I've tried other bread recipes, but this one is a staple in our home. I won $50 in a bake-off with a loaf that I had stored in the freezer. —Mickey Turner, Grants Pass, Oregon
Ingredients:
• 2 packages (1/4 ounce each) active dry yeast
• 3-1/4 cups warm water (110° to 115°)
• 1/4 cup bread flour
• 1/3 cup canola oil
• 1/3 cup honey
• 3 teaspoons salt
• 6-1/2 to 7-1/2 cups whole wheat flour
• 1/2 cup sunflower kernels
• 3 tablespoons butter, melted
Directions:
1. In a large bowl, dissolve yeast in warm water. Add the bread flour, oil, honey, salt and 4 cups whole wheat flour. Beat until smooth. Stir in sunflower kernels and enough remaining flour to form a firm dough.

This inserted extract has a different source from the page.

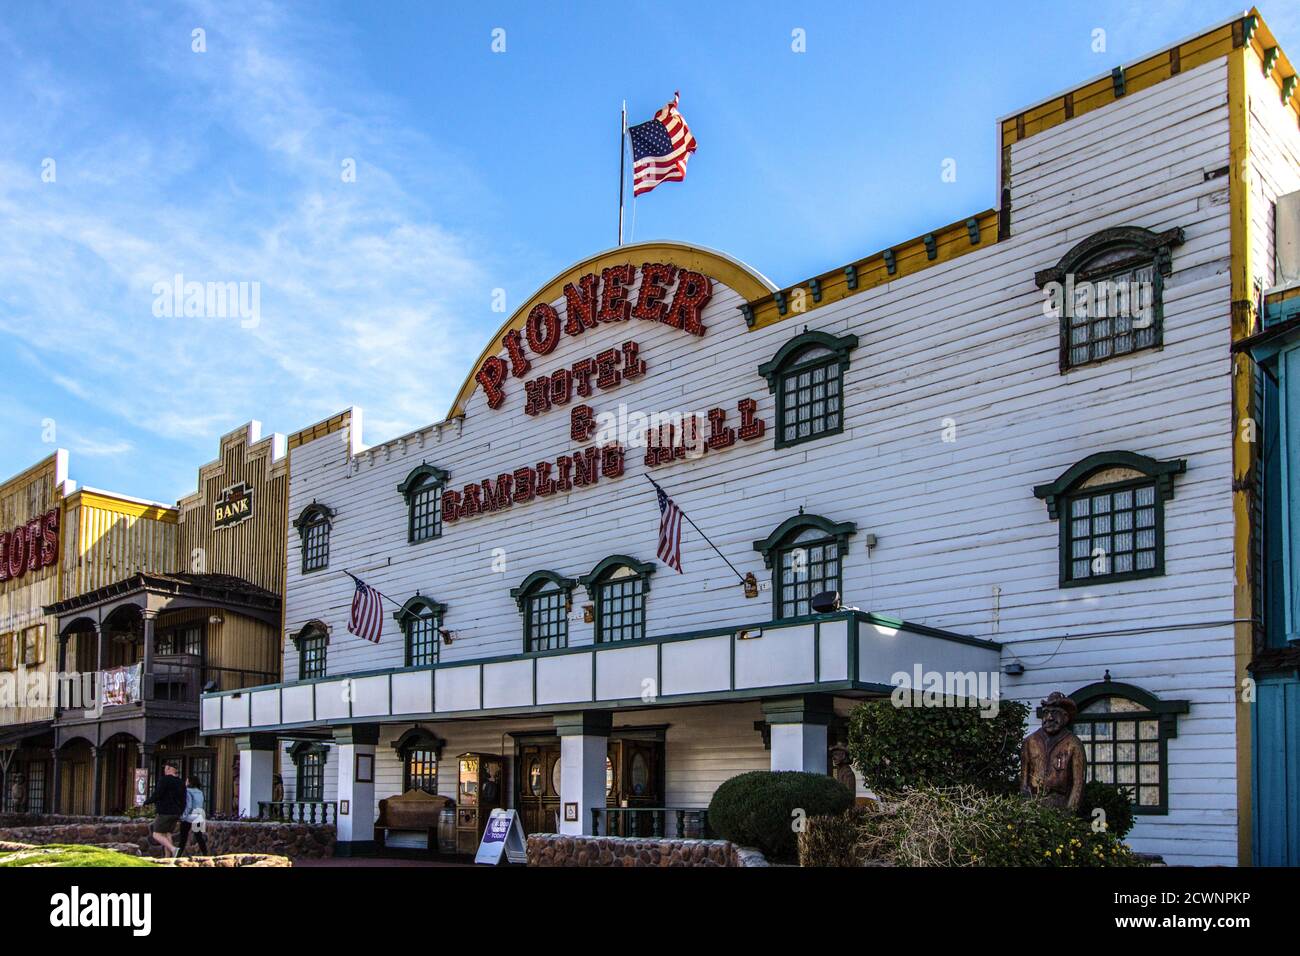 Laughlin, Nevada, USA - February 17, 2020: Exterior of the Pioneer Hotel and Gambling Hall on the Colorado River in Laughlin Nevada. Stock Photo

2. Turn onto a floured surface; knead until smooth and elastic, about 6-8 minutes. Place in a greased bowl, turning once to grease the top. Cover and let rise in a warm place until doubled, about 1 hour.
3. Punch dough down; divide into three portions. Shape into loaves; place in three greased 8-in. x 4-in. loaf pans. Cover and let rise until doubled, about 30 minutes.
4. Bake at 350° for 35-40 minutes or until golden brown. Brush with melted butter. Remove from pans to wire racks to cool.
Freeze option: Securely wrap and freeze cooled loaves in foil and place in resealable plastic freezer bags. To use, thaw at room temperature.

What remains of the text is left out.